=== DATA BELOW ===
* * *

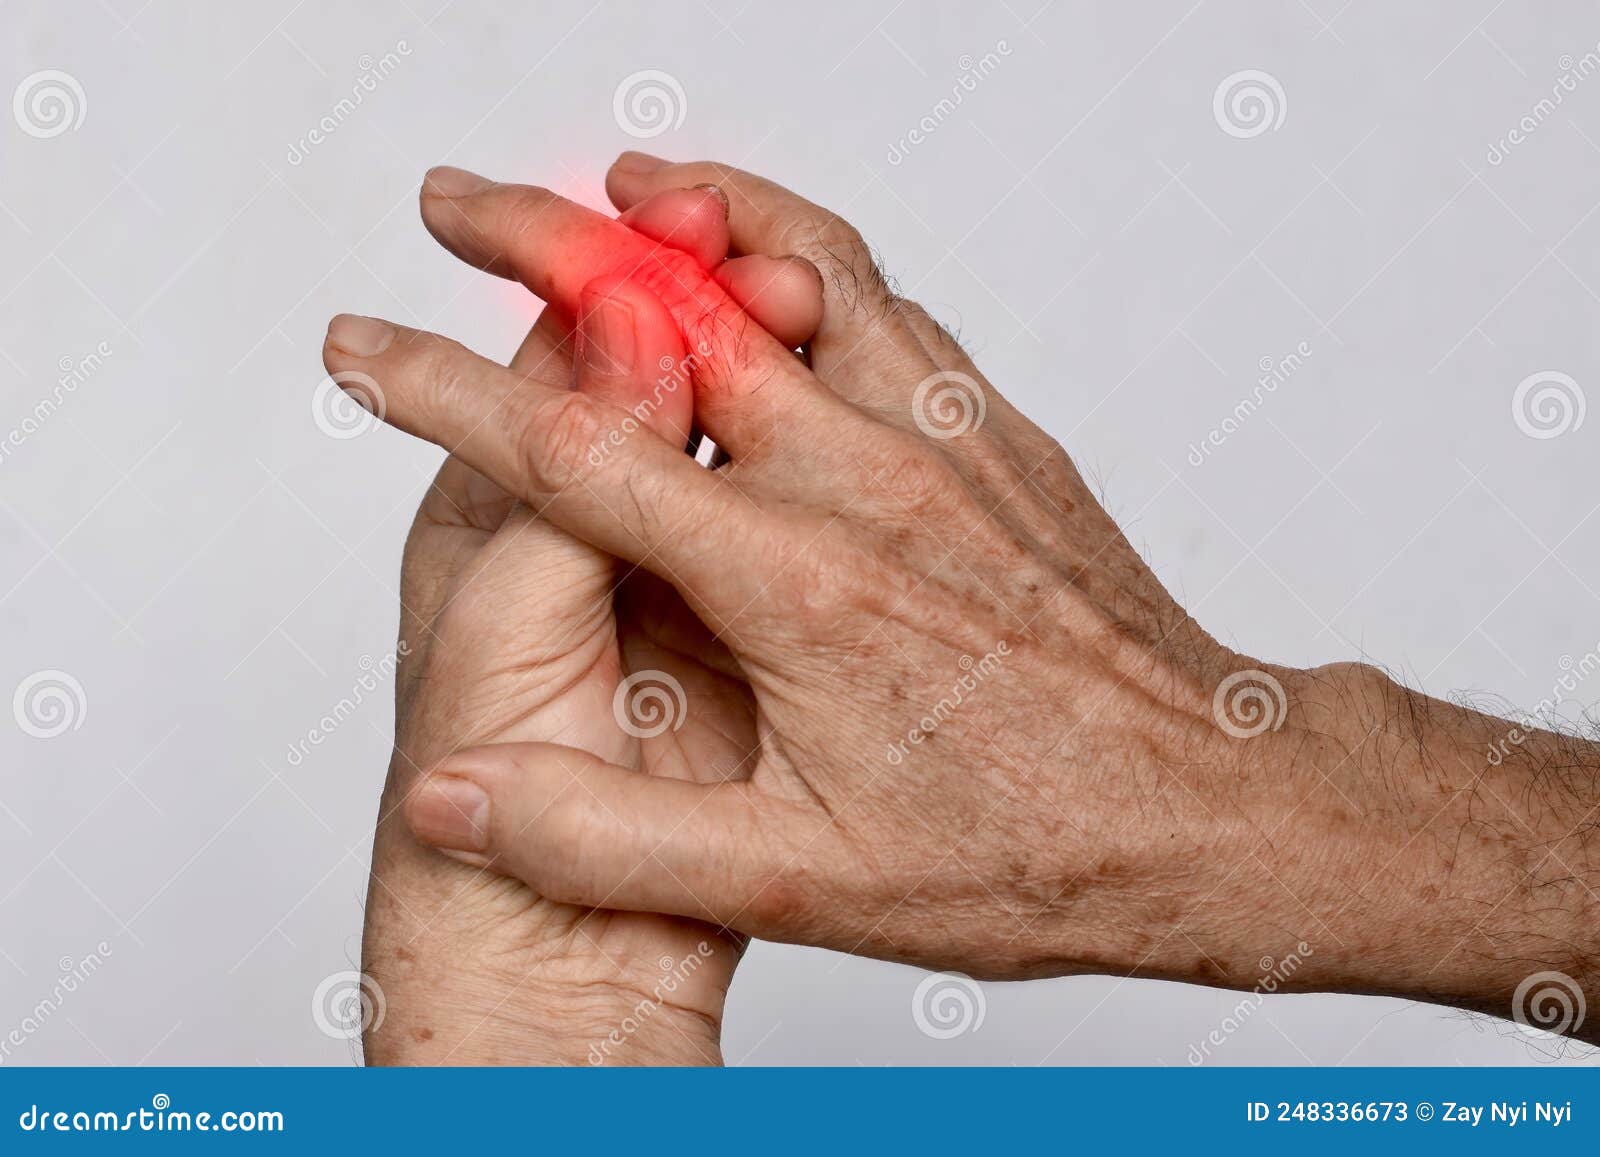 inflammation of asian man middle finger and hand. concept of arthritis or cellulitis
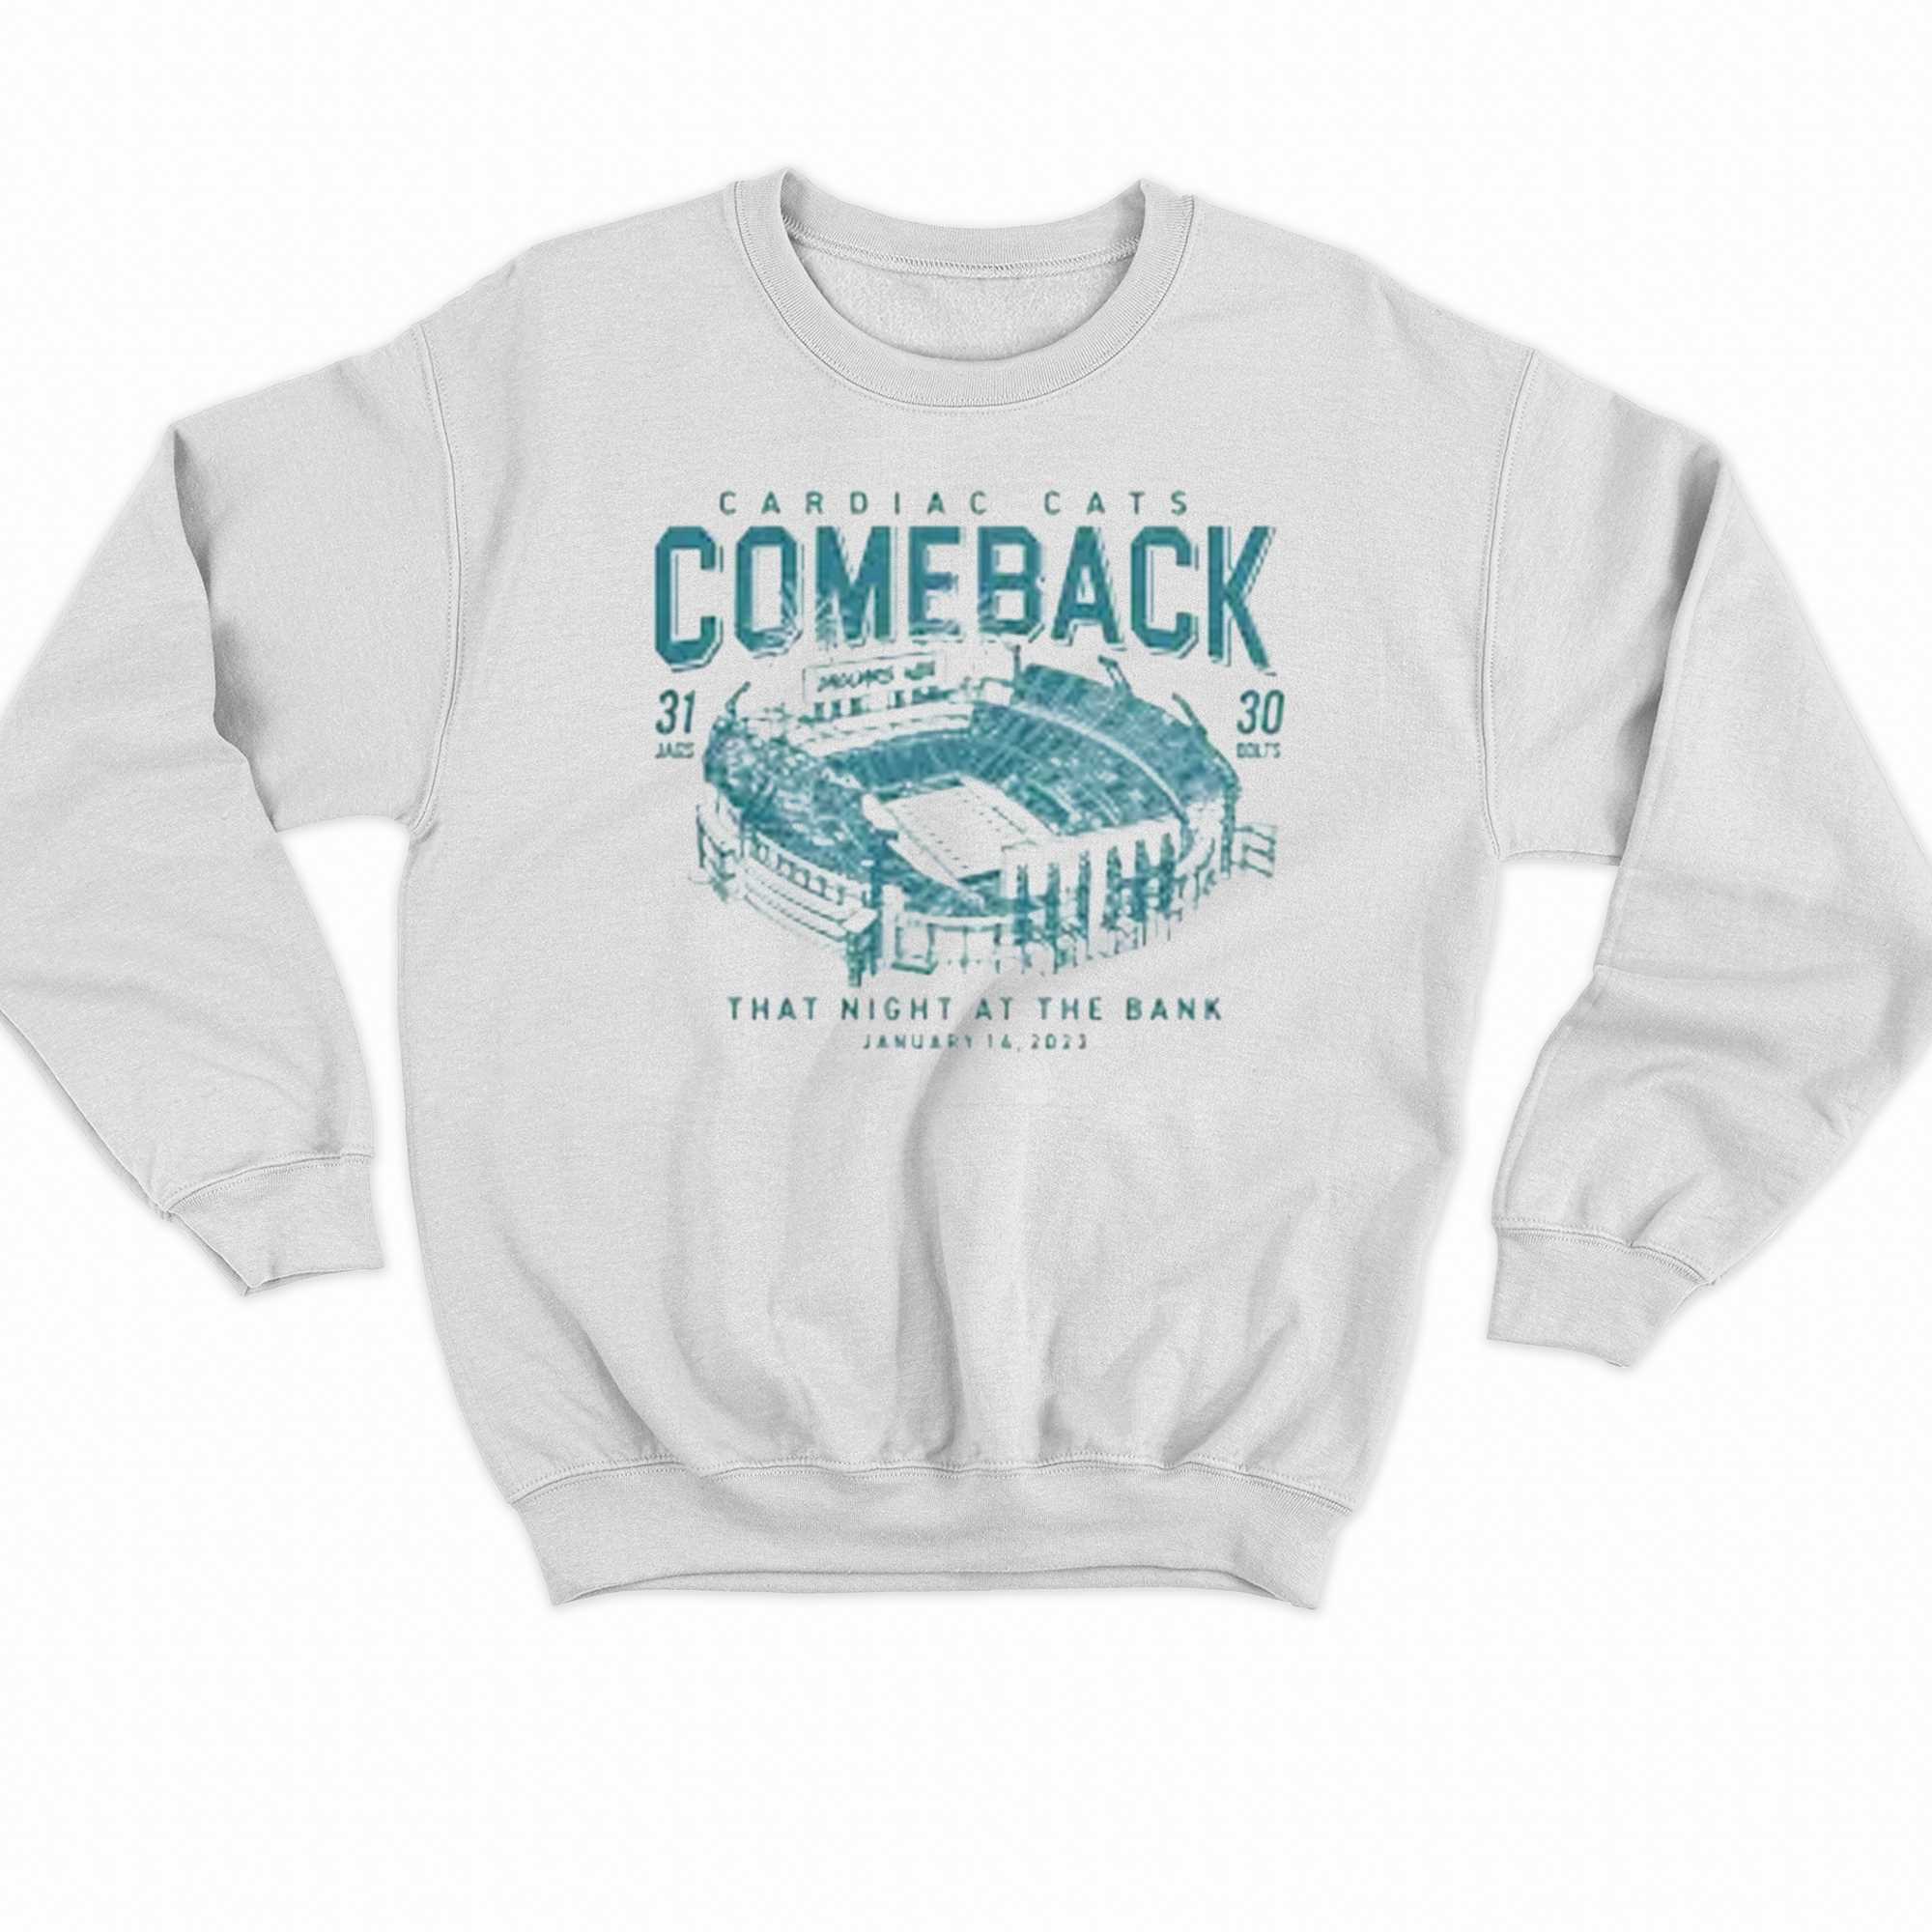 The Cardiac Cats Comback Shirt - That Night At The Bank 
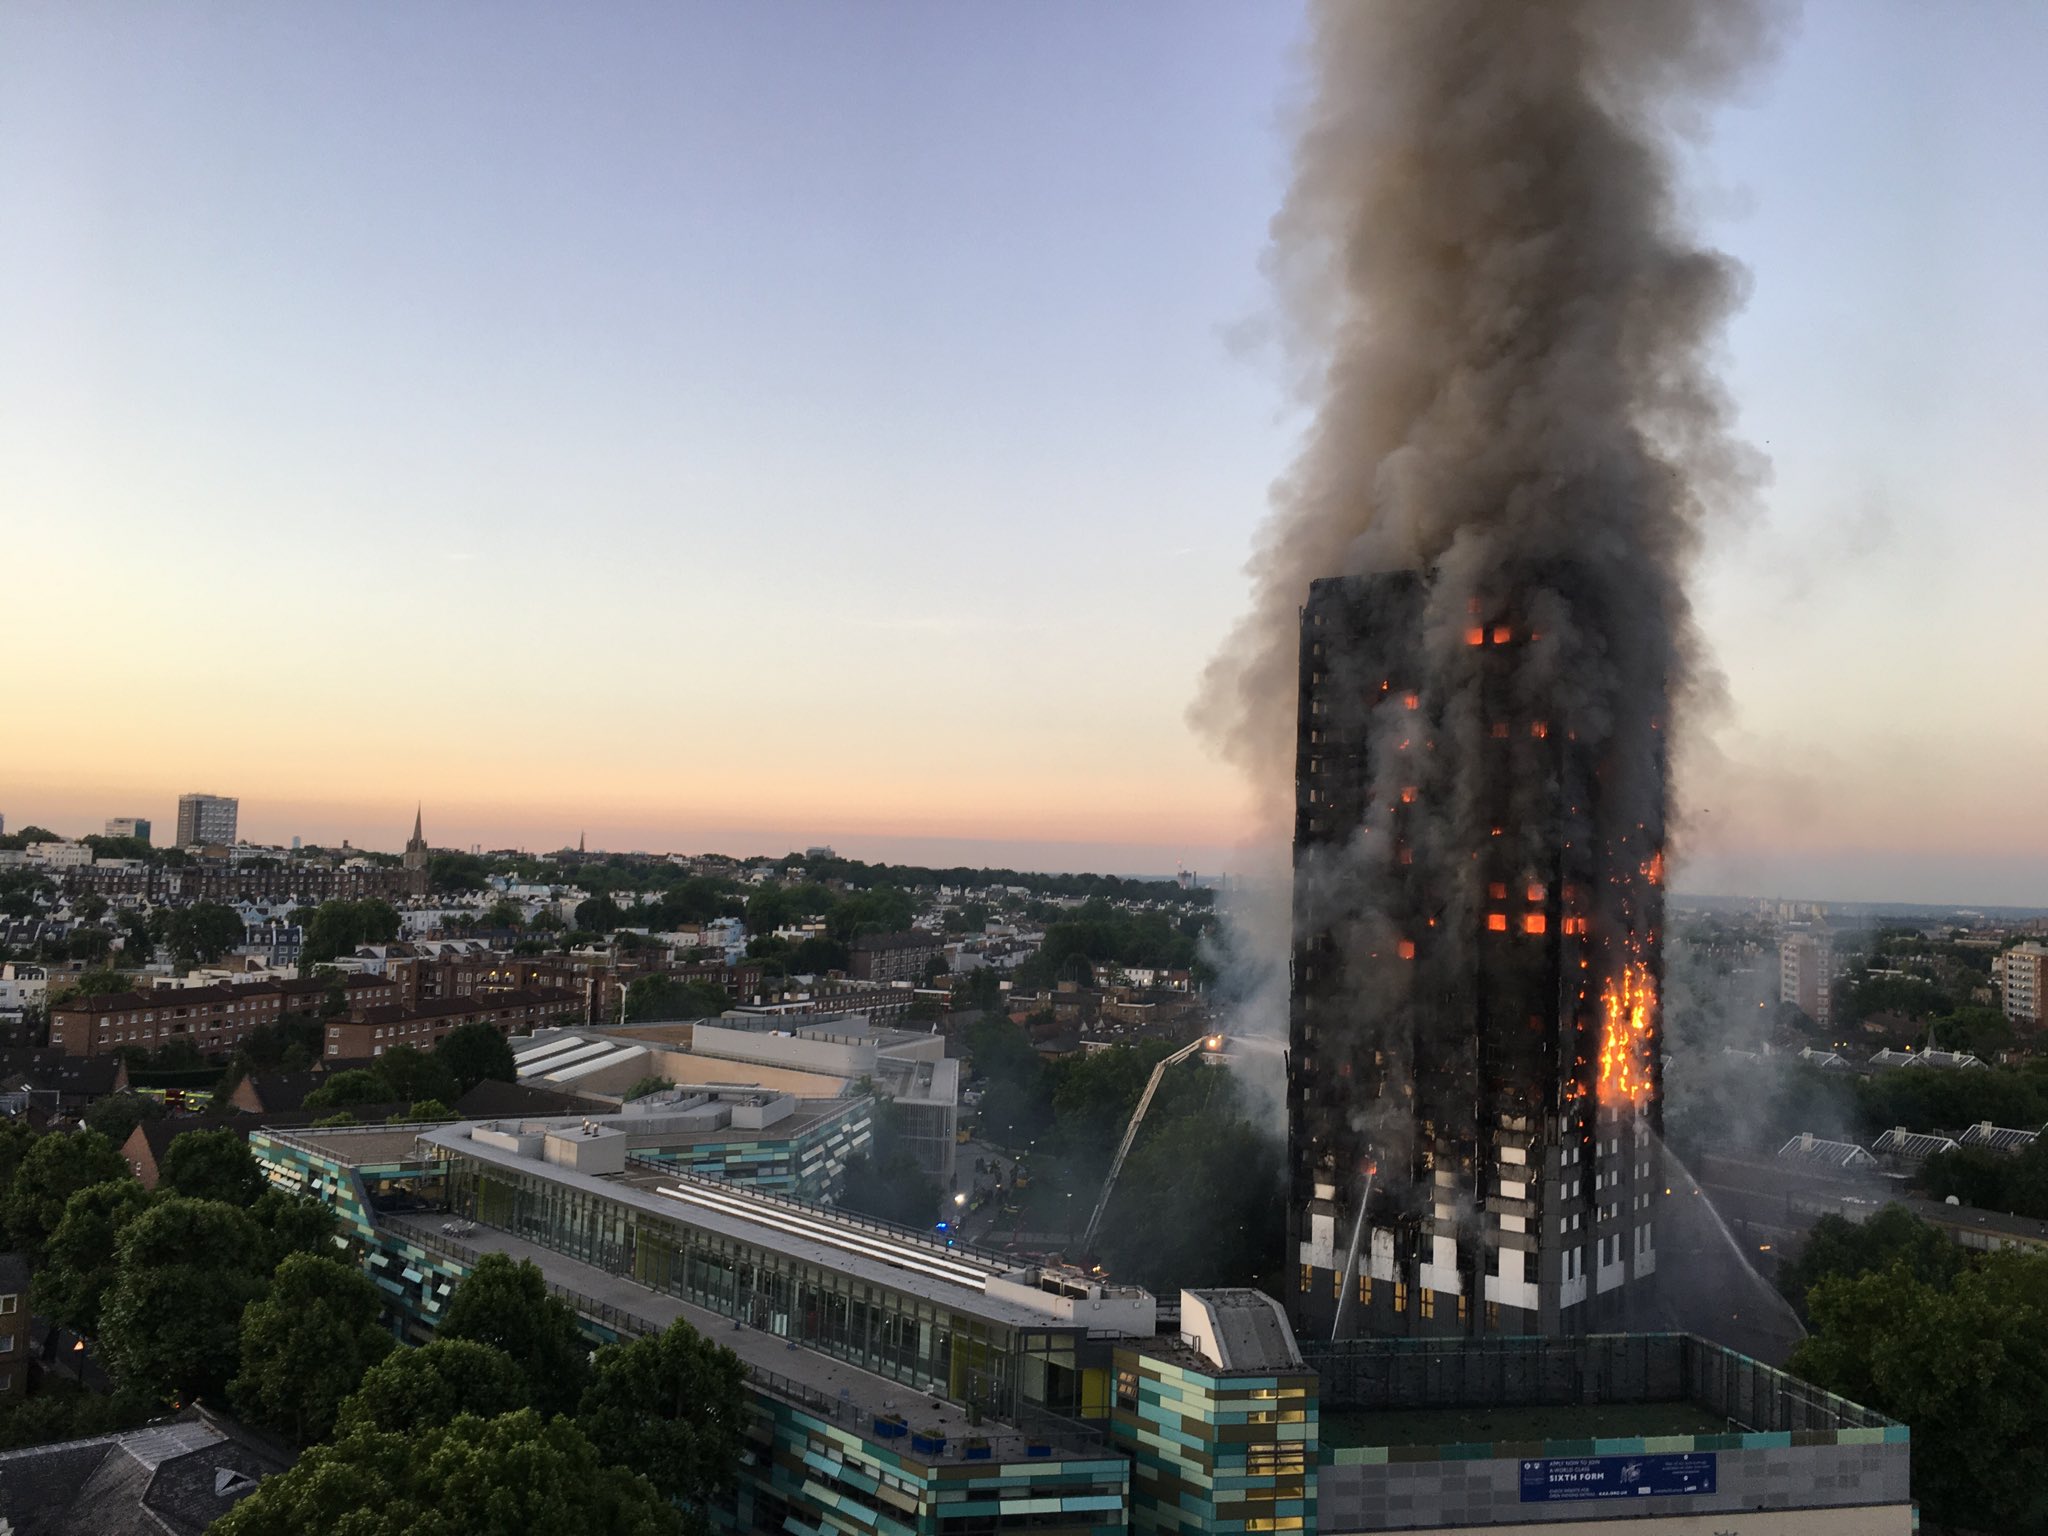 Grenfell Tower in west London burns with the city in the background.

* * *

=== REQUIRED WORK ===
Please print the span that begins at the line holding "The Cardiac Cats" and ends at the last line of the data, both ends included, with no pictures.

=== TASK RESULT ===
 The Cardiac Cats Comback Shirt - That Night At The Bank 
 Grenfell Tower in west London burns with the city in the background.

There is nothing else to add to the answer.